Bacterial metagenome content was predicted from 16S rRNA gene-based microbial compositions, and functional inferences were made from the Kyoto Encyclopedia of Gene and Genomes (KEGG) catalog, using the PICRUSt algorithm (Kanehisa et al., 2012). A total of 6,909 inferred genes were categorized into 275 KEGG functional pathways; pathways present in <10% of participants were removed, leaving 252 KEGG pathways for analysis. The 'DESeq' function in DESeq2 was used to test for differentially abundant KEGG pathways by smoking status, adjusting for sex, age and data set. Spearman's rank correlation was used to examine associations between pathways significantly associated with smoking status and genera significantly associated with smoking status.

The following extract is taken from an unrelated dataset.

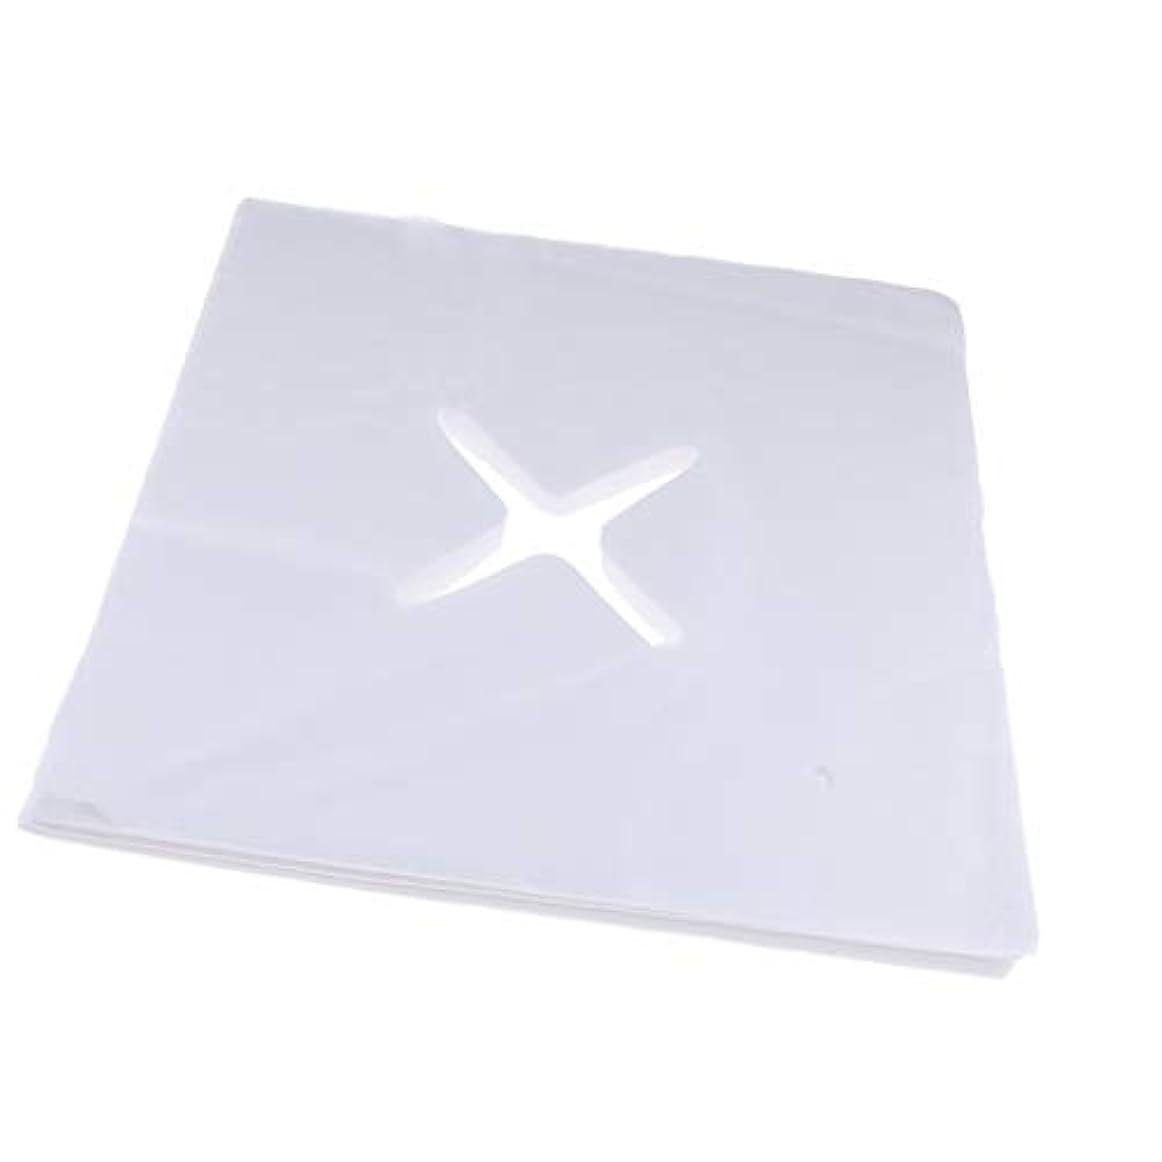 マーベル摘むにもかかわらずPerfeclan 約200枚 ピローシート 十字カット 使い捨て フェイスカバー 不織布PP クッション S/M - S

All statistical tests were two-sided, and a P-value of less than 0.05 (or false discovery rate (FDR) adjusted q less than 0.05) was considered statistically significant. All analyses were carried out using SAS 9.3 (SAS institute, Cary, NC, USA) and R 3.2.0.

Results

Oral biospecimens, smoking history and other demographic information were collected at baseline for both the CPS-II and PLCO cohorts. Of the 1204 individuals included in the present analyses, 43.3% (n=521) were never smokers, 47.4% (n=571) were former smokers and 9.3% (n=112) were current smokers. Among the former smokers, 17% had quit within 10 years of sample collection, 47% 10–30 years prior to sample collection and 30% over 30 years prior to sample collection (6% were missing this information). Current and former smokers tended to be younger and more often male, compared with never smokers (Table 1). All subjects included in the present analyses were originally selected from the CPS-II and PLCO cohorts as cases and controls for nested case–control studies of the oral microbiome in relation to two smoking-related diseases, head and neck cancer and pancreatic cancer. Therefore, approximately half (49.3%) of the 1204 subjects were individuals who went on to develop one of these cancers at some point after providing an oral sample (ranging from 1 to 12 years after oral sample collection); future cancer status was not a confounder of the observed smoking status—microbiome relationships. Additionally, results were highly similar between cases and controls (data not shown).

Table 1 Selected demographic characteristics of study populations from four data sets

To determine whether overall microbiome composition differed according to never, former and current smoking status, we conducted principal coordinate analysis based on UniFrac phylogenetic distances. We found a significant difference in composition between current, former and never smokers (P=0.001, permutational MANOVA based on weighted UniFrac; Figure 1a), after controlling for age, sex and data set. Former and never smokers overlapped on the principal coordinate analysis plot (Figure 1a); when combining former and never smokers, we observed a significant difference in oral microbiome composition between current and non-current (former + never) smokers (P=0.001; Figure 1b). To further support these findings, comparison of within- and between-group distances for all smoking categories indicated that current smokers tended to be more heterogeneous than former or never smokers (Figure 1c), and that never and former smokers are more alike than current smokers (P=0.001 and P=0.003, respectively; Figure 1d). Results were similar with the unweighted Unifrac distances (data not shown).

Figure 1
figure 1

Overall oral microbiome composition according to smoking status (current, former and never) in 1204 individuals. The principal coordinate analysis was conducted based on the weighted UniFrac distance. Sixty-eight percent confidence ellipses were drawn using the panel.ellipse function (Lattice, R), and centroids represent the coordinate mean of the first and second axes. (a) Adjusting for data set, age and sex, there was a significant difference in composition according to smoking status (P=0.001). (b) When combining former and never smokers, there was a significant difference in composition between current and non-current smokers (P=0.001). Comparison of within (c) and between (d) group distances for all smoking categories indicated that never and former smokers are more alike than are the current smokers.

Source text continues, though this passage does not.